### Work order
The full listing, word for word and free of images, is the expected result.

### Dataset section
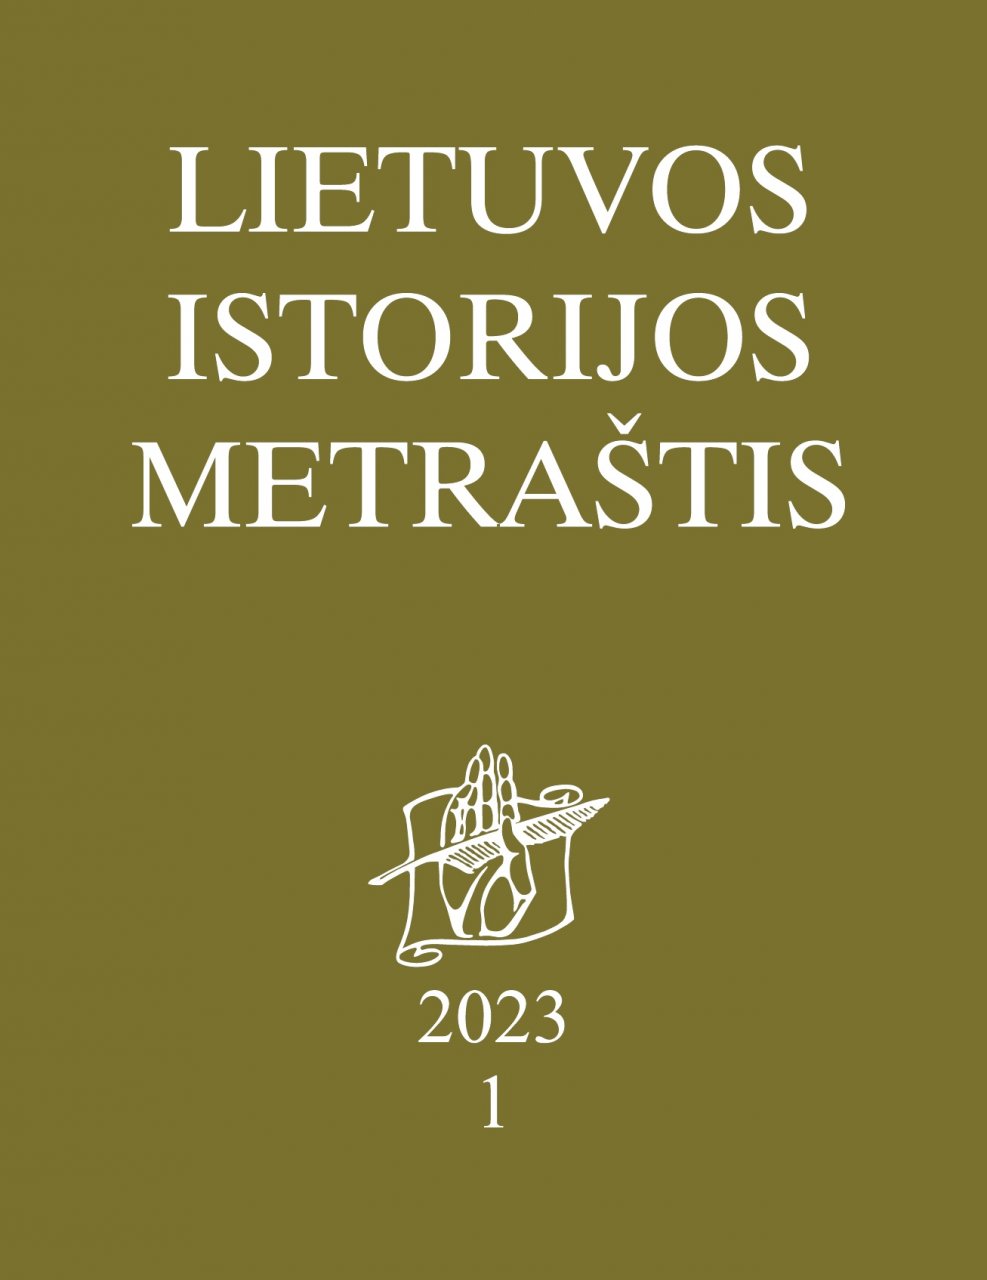 Lietuvos istorijos metraštis 2023 metai 1 
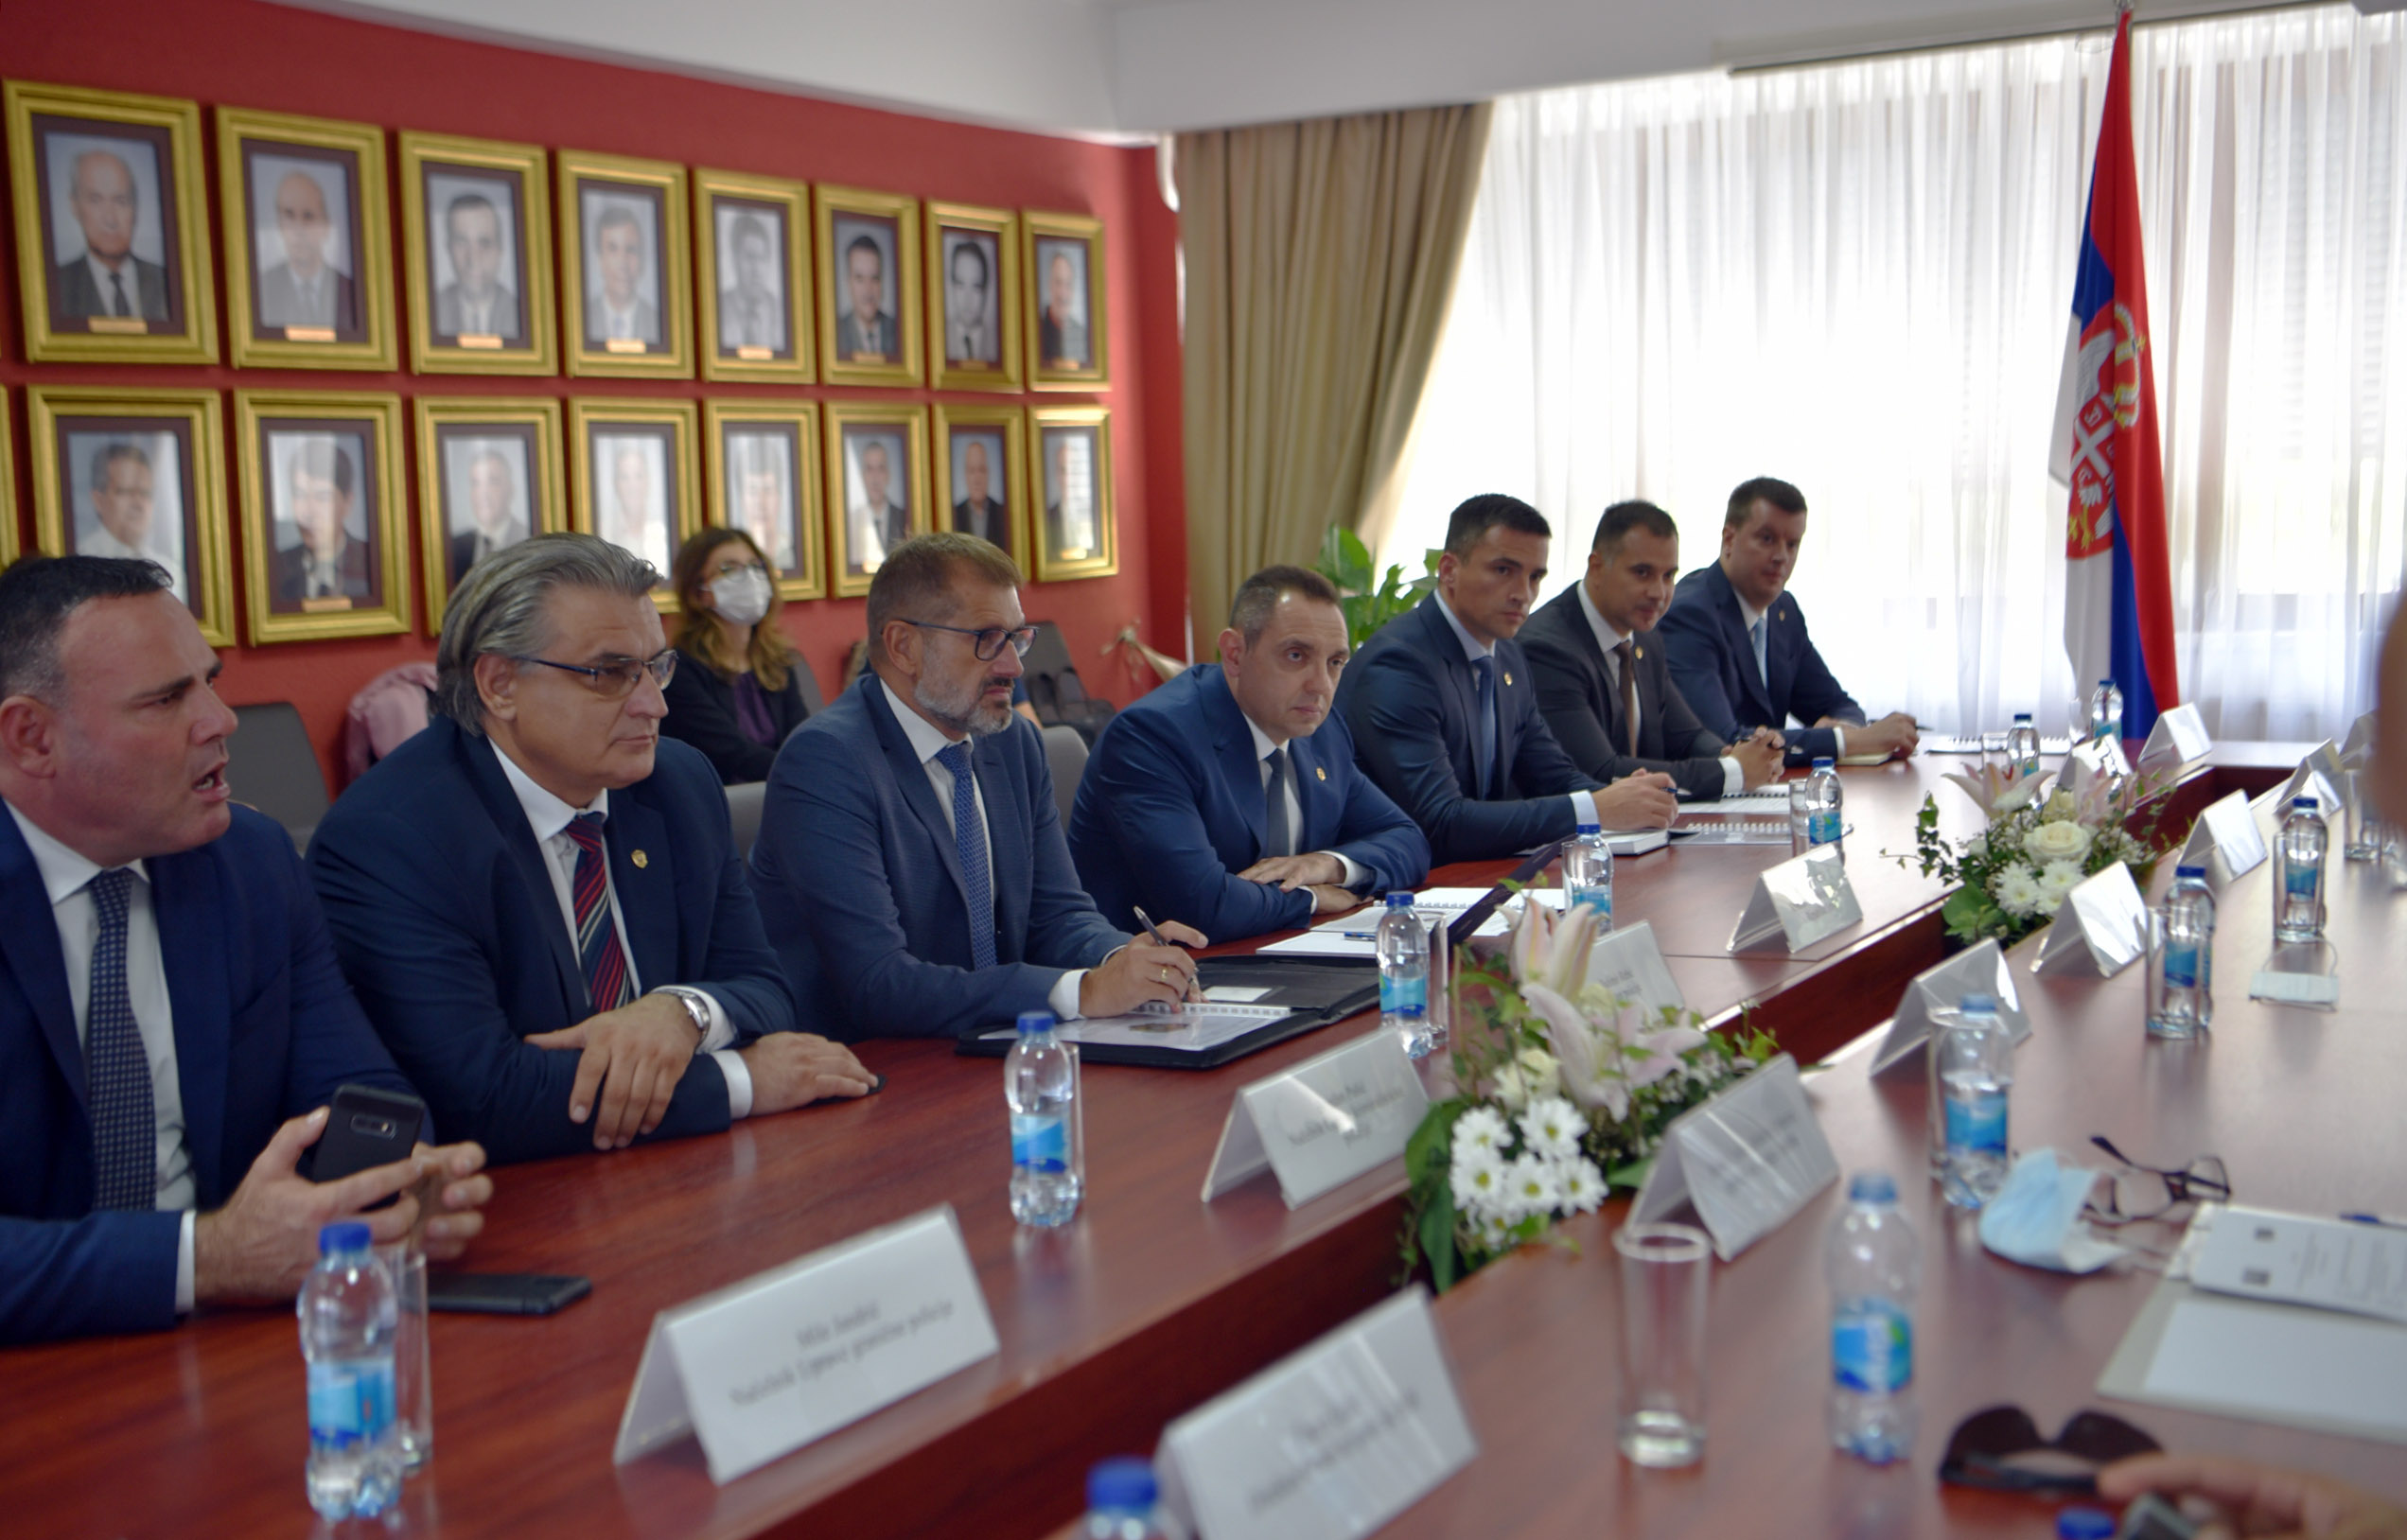 Министри Вулин и Цикотић потписали више споразума који ће олакшати живот грађанима обе државе
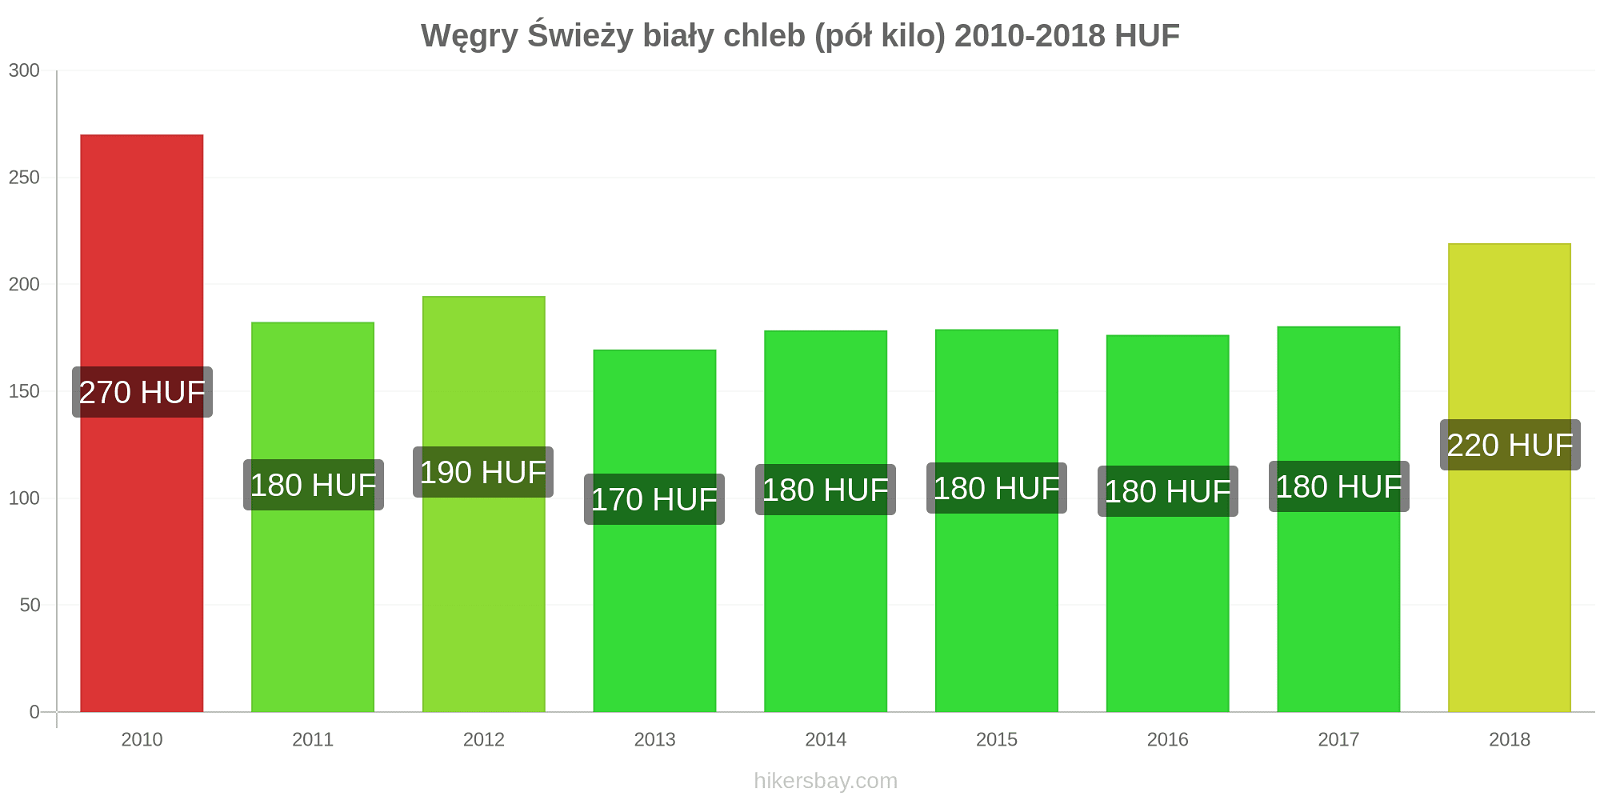 Węgry zmiany cen Chleb pół kilo hikersbay.com
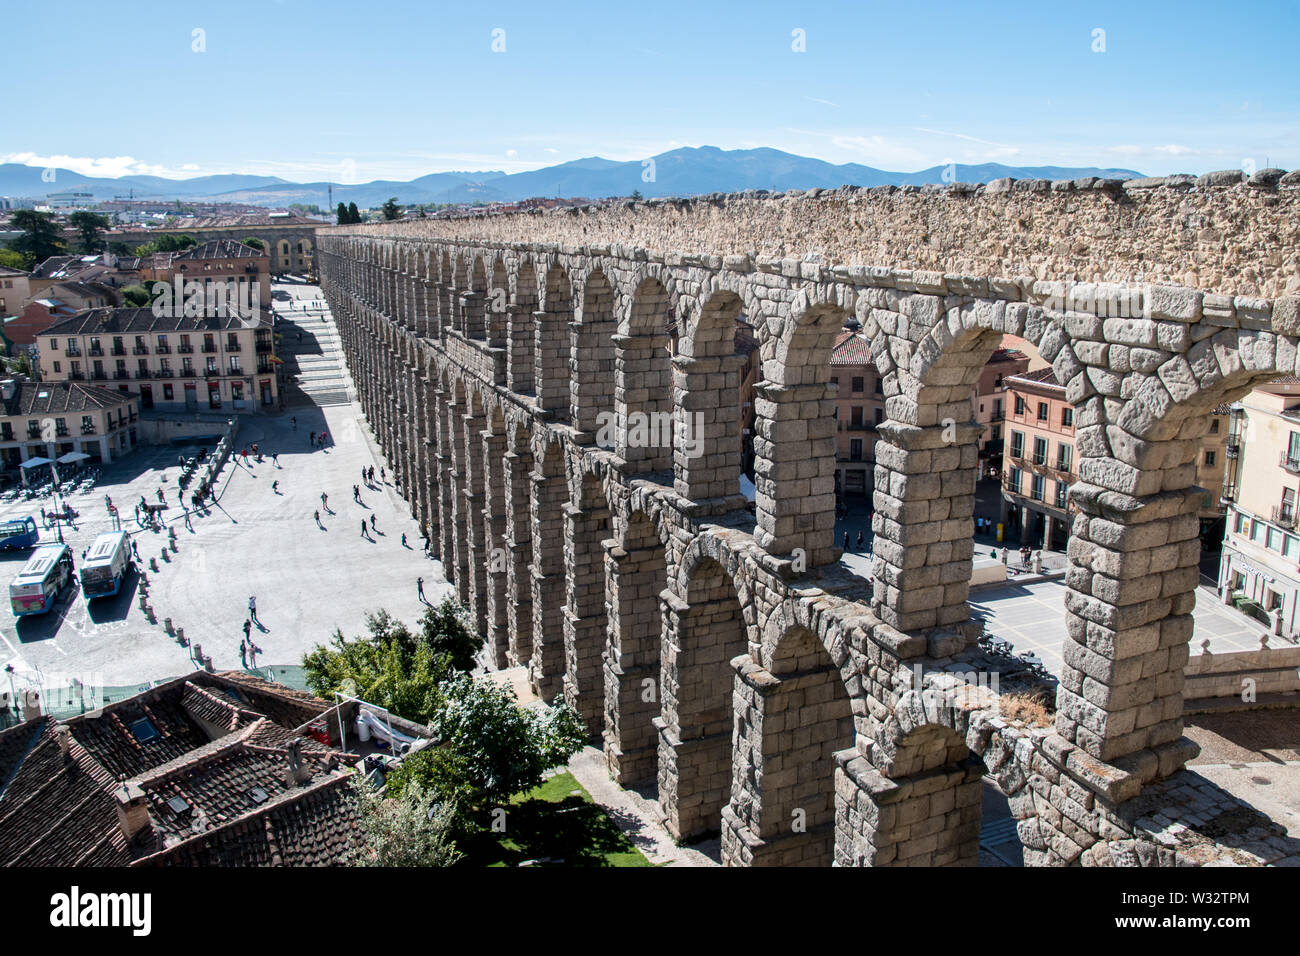 Das Aquädukt von Segovia ist eine römische Aquädukt in Segovia, Spanien. Es ist eine der am besten erhaltenen römischen Aquädukte erhöht und das Symbol von Segovia. Stockfoto

### Task response
 Lietuvos istorijos metraštis 2023 metai 1 
 Министри Вулин и Цикотић потписали више споразума који ће олакшати живот грађанима обе државе
 Węgry zmiany cen Chleb pół kilo hikersbay.com
 Das Aquädukt von Segovia ist eine römische Aquädukt in Segovia, Spanien. Es ist eine der am besten erhaltenen römischen Aquädukte erhöht und das Symbol von Segovia. Stockfoto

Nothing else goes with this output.